> TASK GOAL
Search the listing below for the line containing "Craps game t-shirt design". From there through the line containing "Фонарь стоп задний", transcribe every line exactly, both ends included.

> DATA FOR THIS TASK
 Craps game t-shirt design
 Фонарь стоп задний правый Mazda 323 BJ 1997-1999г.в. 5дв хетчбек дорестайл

* * *

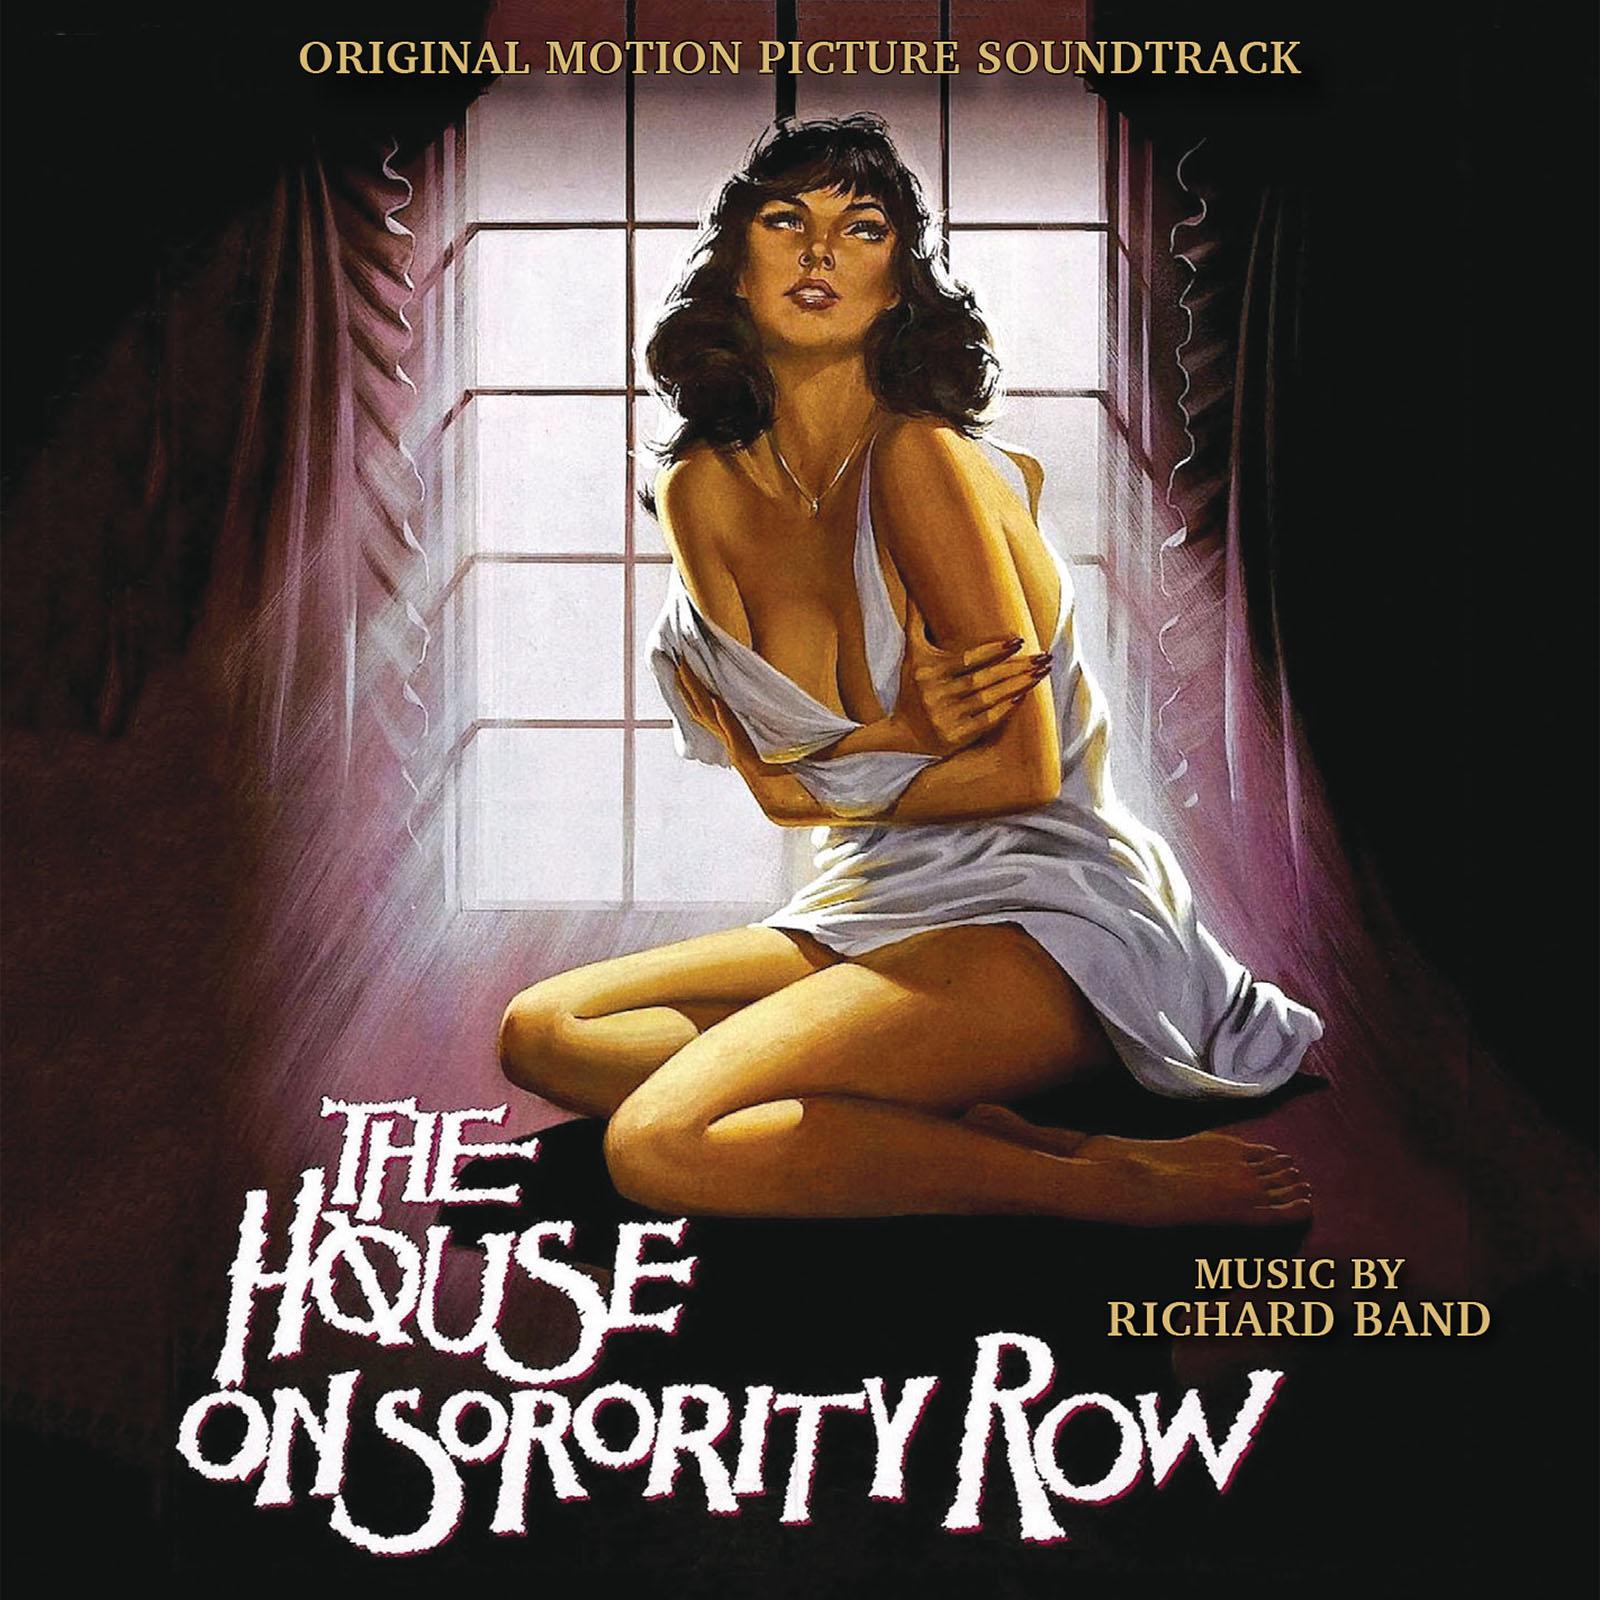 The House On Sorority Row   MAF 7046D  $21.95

> EXERCISE OUTPUT
 Craps game t-shirt design
 Фонарь стоп задний правый Mazda 323 BJ 1997-1999г.в. 5дв хетчбек дорестайл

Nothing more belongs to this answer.